Сидя между скрипучих уключин, я увидел в паутине темной воды ее кисть, внезапно вспыхнувшую бледным фосфорическим светом. К растопыренным пальцам тут же припали морские пиявки, колыхаясь вслед за рукой, будто цветные ленты.
Слегка склонившись к воде, Вдовина кольнула меня загадочным взглядом:
– Твое любопытство подвесило тебя на крючок…
– Странно! – ответил я. – Где бы я мог его проглотить? Когда я вносил этих несчастных в ваш кабинет?
– Не-а! – мотнула она головой, похожей на голову хазарской княжны. – Помнишь, я показала тебе в микроскоп палочки Хансена? Ты так взволновался, что оторвал от газеты клочок бумаги, скатал его и бросил в рот пожевать. Естественно, это было чисто нервное. А я забыла предупредить, что именно на эту газету, будто на скатерть, больные свои руки кладут, когда я срезаю кожу с самых активных у них участков.
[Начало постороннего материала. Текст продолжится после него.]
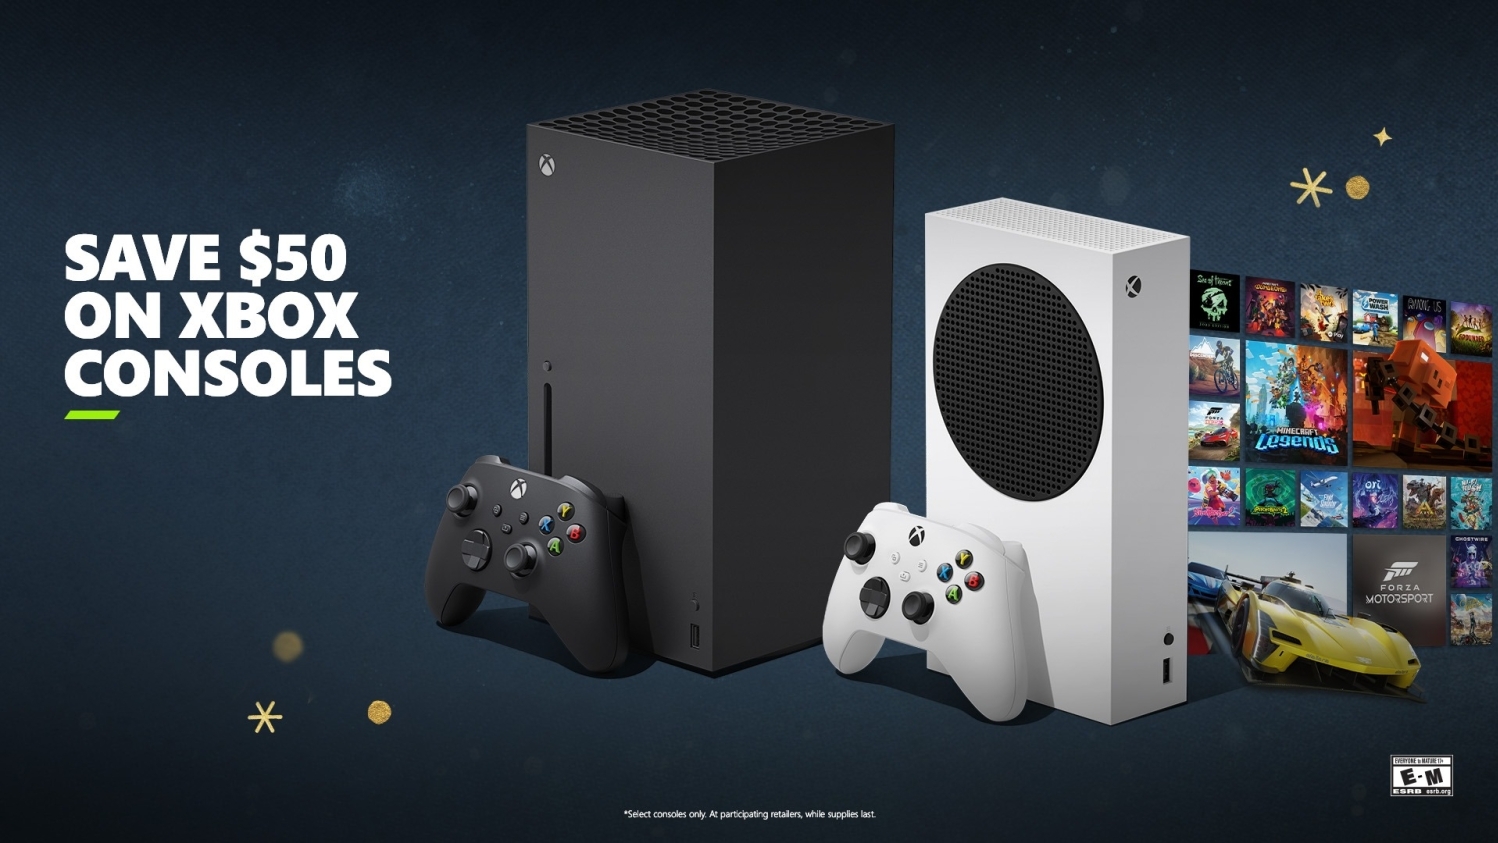 Black Friday deals still going on Xbox, Xbox Series X, games, controllers  and more — save up to 60%

– И сколько длится, Наталья Андреевна, инкубационный период?
– Когда – год, когда – десять. А то и все тридцать...
Мы сидели напротив, лицом к лицу, она извлекла из воды руку с пиявками, показала их мне. В ночном воздухе они продолжали светиться, налитые алой кровью. Каждая крутилась своей спиралью.
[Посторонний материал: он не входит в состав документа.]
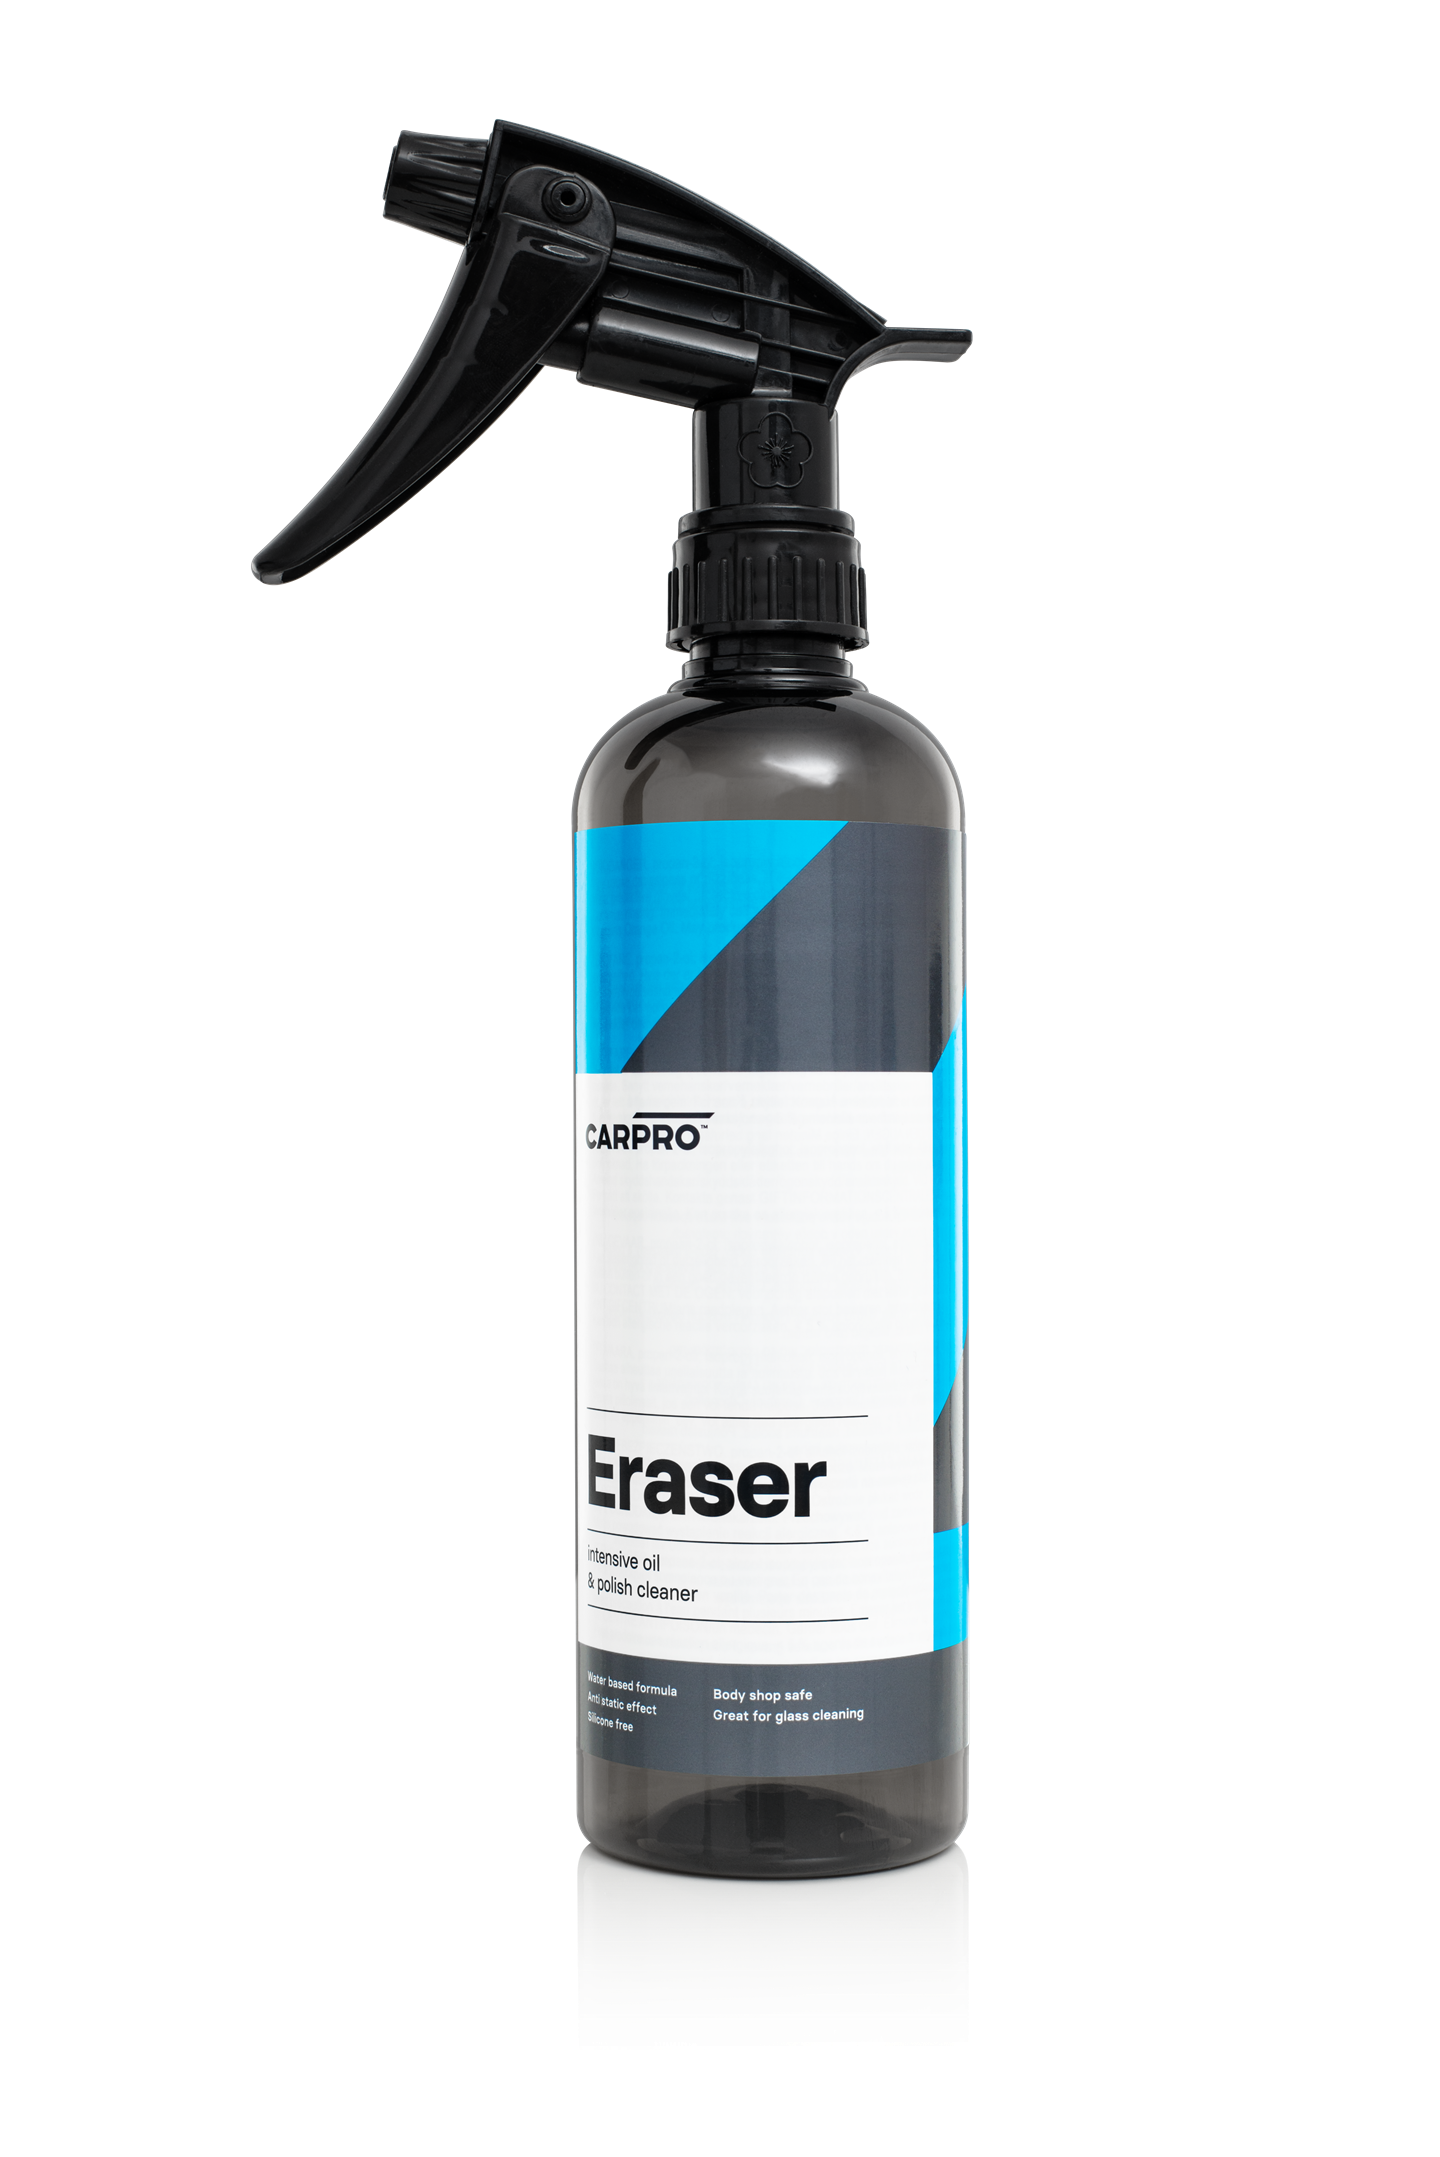 Silicone remover - Water-based degreaser

– Так я порой лечусь… – грустно призналась она. – Видишь, их десять штук, по две твари на каждый палец, – всегда их десять! А десять – это число Бога… Так мне Аббо сказал… Прежде чем Бог посылает людям болезнь, Он создает от нее лекарство. Это мне тоже Аббо сказал: весь фокус заключается в том, чтобы пораньше лекарство найти… Рано ли, позже, человек лекарство находит. Все зависит от милостей Бога. Болезнь для того и дана, чтобы примирился с Ним человек…
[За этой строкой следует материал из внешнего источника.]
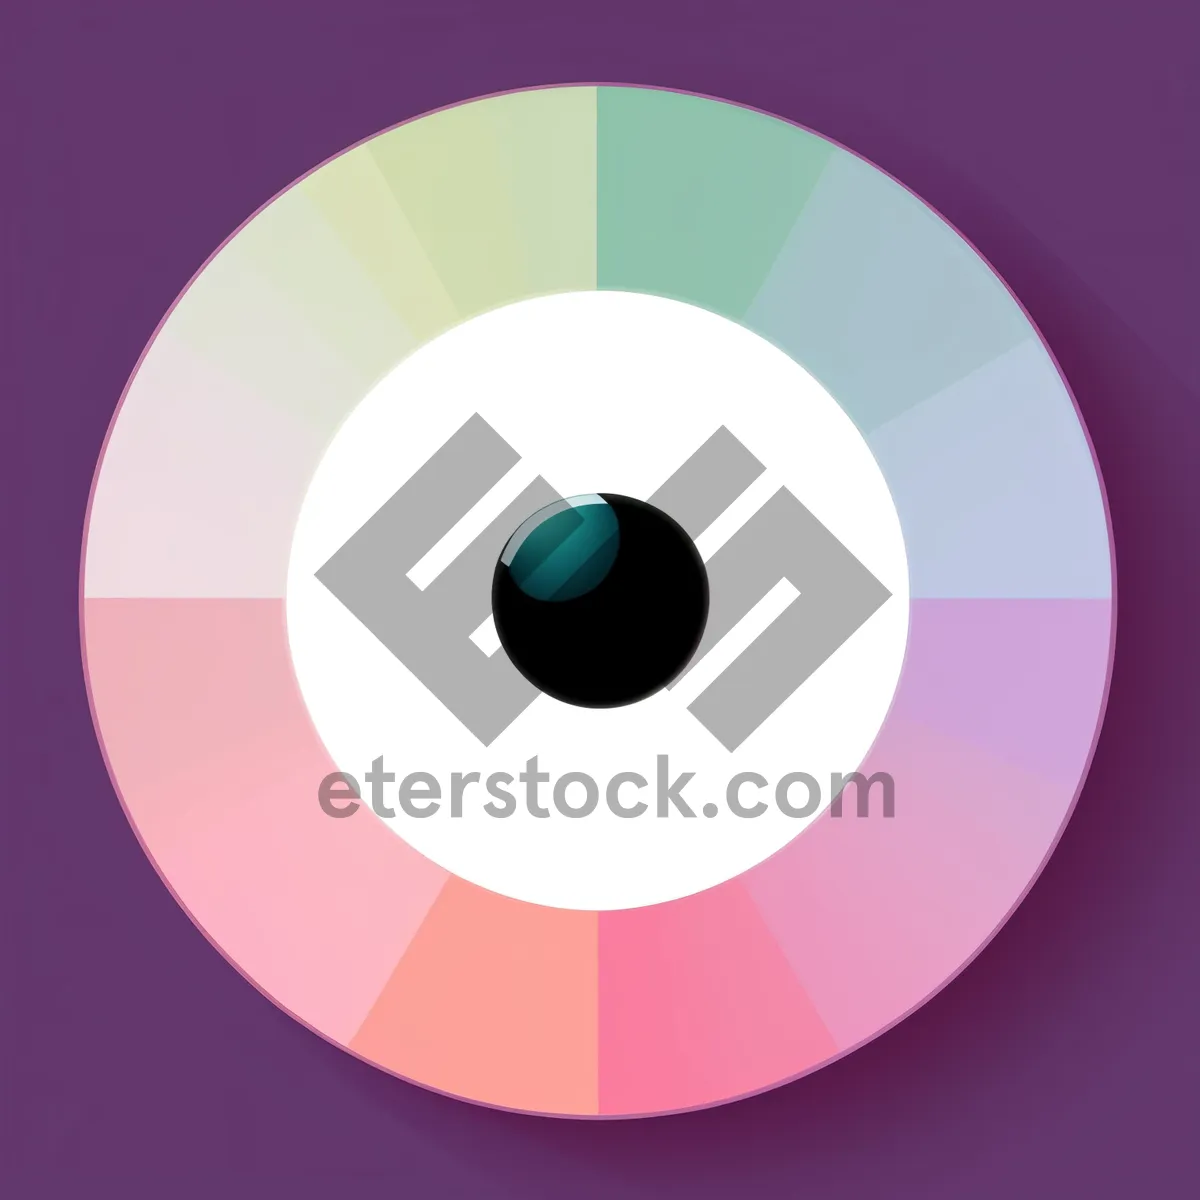 Picture of Shiny Round Web Buttons: A Bright, Glossy Button Set

Она снова погрузила за борт руку с пиявками.
– Ученые все чаще склоняются к мысли, что мировой океан – гигантский кладезь человеческой памяти. Вода, как одна из живых субстанций. Память эта по сути своей – в каждой капле воды… Через тридцать лет ты к этой воде придешь – неважно, в какой земле, – опустишь руки, как я, и бездна внезапно в тебе разверзнется. А может, и не придешь, лишь выпьешь случайный глоток… Увидишь живые фрески Помпей, увидишь Ога, всемирный потоп. Бессмертного великана Ога, прильнувшего лбом к обшивке ковчега. Узнаешь тайну вот этих червей, сотворенных Богом раньше проказы…
Вдовина запрокинула к небу лицо. Княжна моя была сильно пьяна, смотрела в небо и плакала: молочным сиянием кипели над нами звезды, дымилась Моисеева дорога. Я тоже вертел головой, тоже смотрел на звезды – звезды, горевшие ближе, – портовые огни. Они мне казались родней, уютней.
– Мы все туда скоро уйдем, – говорила она, обливаясь ручьями слез. – Один за другим… Господи, сожрали кого? Конец науки в Кара-Калпакии, никогда от лепры им не избавиться! Не хочет Абдиров признать, что народ Пинхасова знаком с лепрой на три тысячи лет раньше его народа. Вот и сидит Мамедова в третьем дворе, сидит его брат – скребут на себе гнойники и струпья. Мы тоже так будем сидеть и тоже будем скребаться. И чуда с нами не произойдет, как в Библии с Иовом, – не будет зелья из древних рецептов. Обыск был у Пинхасова, конфисковали все его заветные травы. Судить еще Аббо будут…
Страхи Вдовиной никак не шли ко мне. Я напрягал мысли пьяного мозга, пытаясь постичь ее слезы, но мысли путались и терялись.
Однако страх настиг и меня, настиг на гостиничной койке.
Глубокой ночью мы оказались с Пинхасовым в одном номере. Он походил на убийцу – идол прокаженных каракалпаков, лицо его перетягивало судорогой.
Он мотался по номеру, точно слепой, натыкался на вещи, рушил все на пол. Он искал жертву и нашел ее, наконец. Чтобы не видеть его безумств, я зарылся лицом в подушку, а уши заткнул руками.
В наш номер постучалась хозяйка гостиницы Надежда Ивановна. Робея и извиняясь, села на табурет и обнажила бедро. Там была язвочка, и женщина призналась, что подозревает у себя лепру. Смеясь и повизгивая, пьяный Пинхасов обколол ей бедро иглой и утешил:
– Нет, Наденька, это не наше!
И та облегченно перекрестилась.
Пинхасов настиг ее на пороге, закинул платье на голову и погасил свет. Надежда Ивановна долго билась, сопротивляясь. Один раз я обернулся на звуки этой борьбы. Я увидел голого Пинхасова и белое, раскоряченное тело женщины. Закрыв уши, я стал слушать свое сердце. Сердце стучало в подушку, и подушка звенела, как колокол.
На рассвете Надежда Ивановна сбежала. Тогда я спустил ноги с кровати и закурил.
Пинхасов лежал на полу и слушал транзистор. В номере пахло пловом.